Die Saga von Garth und Torian
- Автор: Хольбайн Вольфганг, Winkler Dieter
- Год: 1985
- Язык: немецкий
- Жанр: Фэнтези
Электронная книга - «Die Saga von Garth und Torian». Краткое содержание книги:
Nein – Torian war sich ziemlich sicher, daß diese Burg nicht in der Staubwüste lag. Der Weg zu ihr hatte in den hitzedurchglühten Weiten begonnen, aber das war auch alles. Und als er an diesem Punkt seiner Überlegungen angelangt war, beschloß er, den Gedanken nicht weiterzuverfolgen. Es wäre müßig gewesen. Die Chance, lebend wieder von hier zu entkommen, stand ungefähr eine Million zu eins. Aber die Schätzung war eher zu optimistisch.
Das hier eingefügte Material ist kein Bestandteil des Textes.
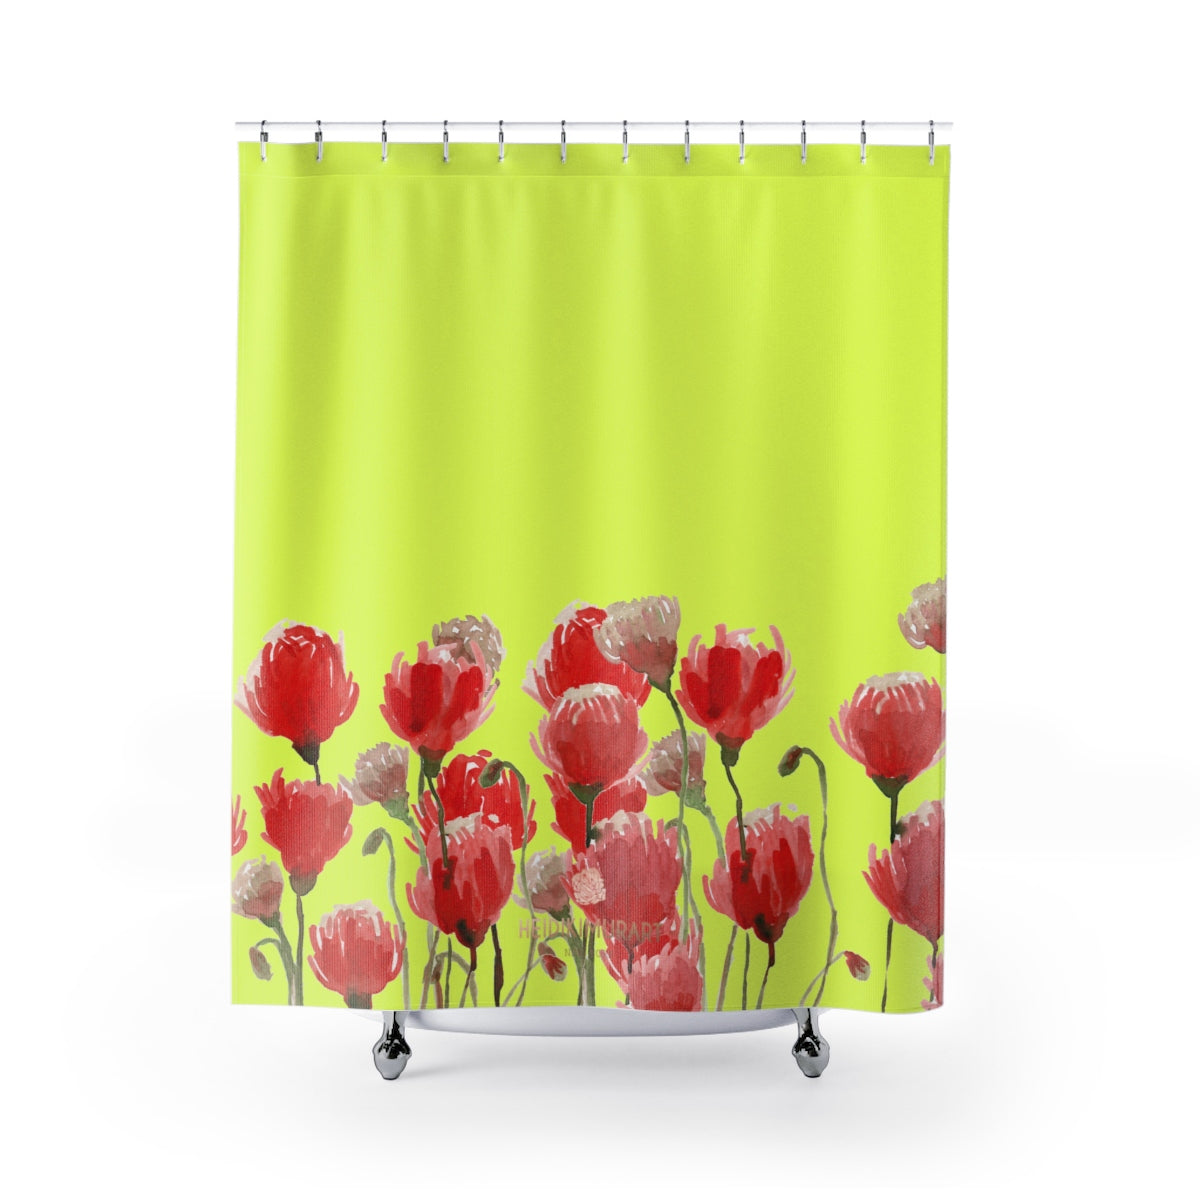 Yellow Red Poppy Flower Floral Print Designer Polyester Shower Curtains- Made in USA-Shower Curtain-71" x 74"-Heidi Kimura Art LLC Yellow Red Poppy Bath Curtains, Yellow Red Poppy Flower Floral Print Designer Polyester Shower Curtains- Printed in USA, Premium Bathroom Shower Curtains Home Decor Large 100% Polyester 71x74 inches

»Eure Schwerter«, forderte einer der Schattenkrieger von ihnen und machte mit der Rechten eine bestimmte Bewegung, um seine Worte zu unterstreichen. Sie händigten ihm ohne Widerstand ihre Waffen aus. Der Krieger nahm sie entgegen, wandte sich um und trat als erster durch das Portal. Torian und Shyleen folgten ihm.
Die Halle, in die sie kamen, war gigantisch, selbst für diese Burg, die sich nicht mit menschlichen Maßstäben messen ließ. Ihre spitz zulaufende Decke bildete hundert, hundertfünfzig Meter über ihren Köpfen ein steinernes Dach, und in zwei der vier Wände gab es sogar Fenster, aber irgend etwas Düsteres, Unsichtbares lag in der Luft, das das einfallende Licht schon nach wenigen Metern aufsaugte, so daß auch hier Fackeln und lodernde Kohlebecken für eine unheimliche, düster-rote Beleuchtung sorgen mußten.
In der Mitte der Halle stand ein Gebilde, das wie ein ins Absurde vergrößerter Altar aussah, ein schwarzer Monolith aus lichtschluckendem Stein, so groß, daß ein gutes Dutzend Stufen zu seiner rechteckigen Plattform hinaufführten. Darauf errichtet war eine Art steinerner Baldachin, getragen von vier gewaltigen schwarzen Säulen, die auf widerwärtige Weise zu leben schienen, denn irgend etwas auf oder besser gesagt unter ihrer Oberfläche zuckte und bebte ununterbrochen. Für einen kurzen Moment glaubte Torian, Gesichter zu erkennen, menschliche Gesichter, zu schrecklichen Grimassen verzerrt. Und zwischen den lebenden Steinsäulen erkannte er, was ihn verdächtig an einen Sarg erinnerte.
Er wandte den Kopf mit einem Ruck und konzentrierte sich auf das, was er, hinter dem Gebilde, an der Stirnseite der Halle sah. Nicht daß der Anblick wesentlich angenehmer gewesen wäre.
Cathar hatte seine schlichte Kutte abgelegt und trug jetzt ein dunkelgrünes, mit barbarischen Ornamenten versehenes Gewand, das wie trockene Haut raschelte, ohne daß er sich bewegte, aber ansonsten hatte er sich nicht verändert. Als sie die Hälfte der Halle durchquert hatten, lächelte er dünn, erhob sich mit einer übertrieben kraftvollen Bewegung und sprang von seinem Stuhl herunter. Erst jetzt wurde Torian gewahr, daß es sich in Wahrheit eher um einen Thron handelte – ein gewaltiges Monument, das zur Gänze aus Knochen und schimmerndem Gebein gefertigt war. Da und dort glaubte er, einen menschlichen Totenschädel vor sich zu haben, aber auch die Knochen von Tieren und eine Menge anderer Dinge, die er sich lieber nicht näher besah.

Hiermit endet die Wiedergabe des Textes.